EXERCISE REQUIREMENTS: Extract from the listing each line in which the word "They" appears.

RECORD EXTRACTS:
>>>

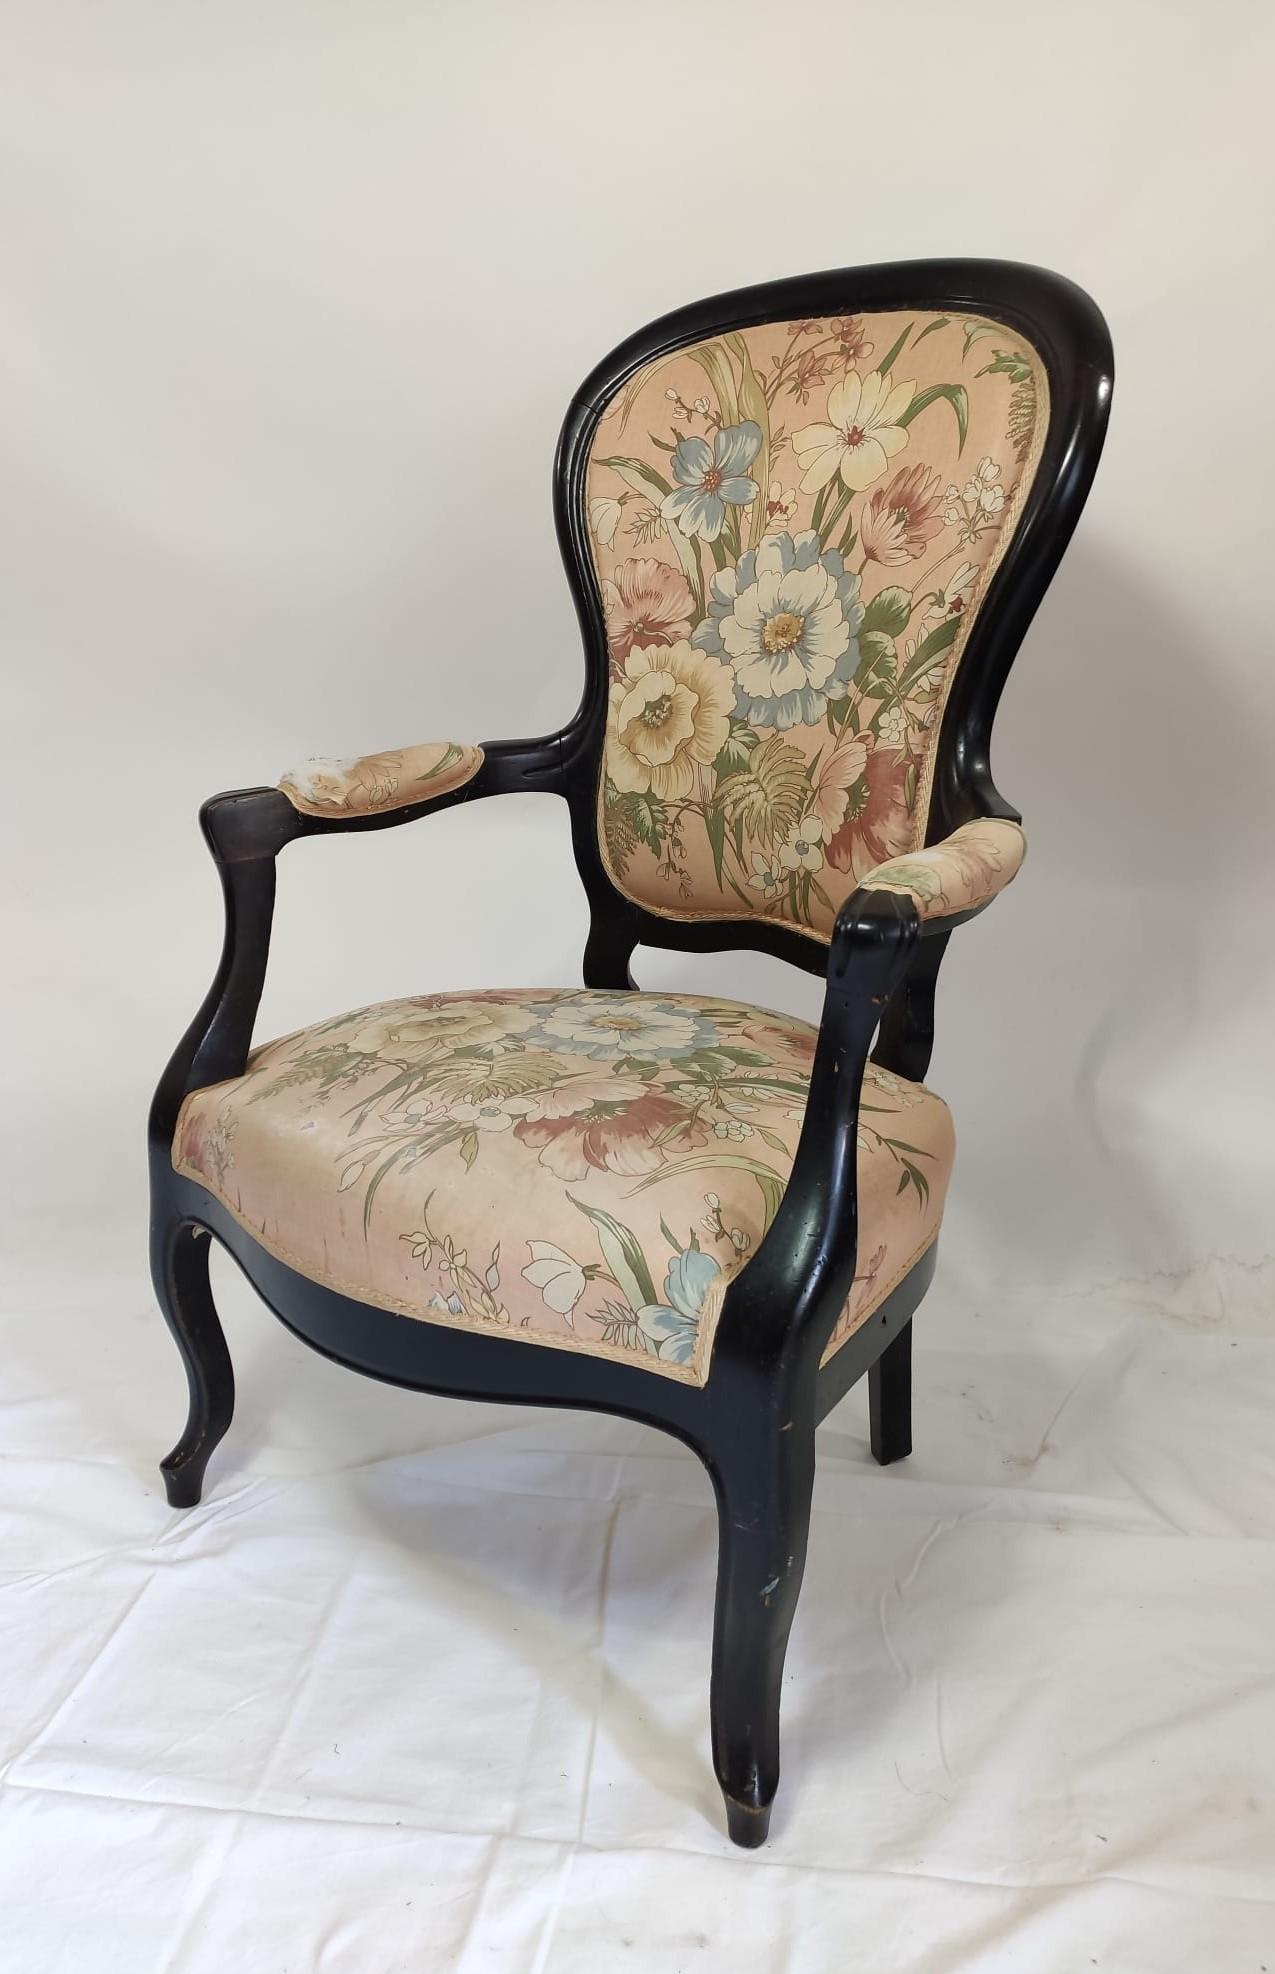 Two Armchairs in Black Wood, Napoléon III Period.
They go with a pretty bench.
Seat in excellent condition
Minor structural damages as you can see on the photos.
They are sold as is and they could be reupholstered.

<<<

ANSWER SECTION:
They go with a pretty bench.
They are sold as is and they could be reupholstered.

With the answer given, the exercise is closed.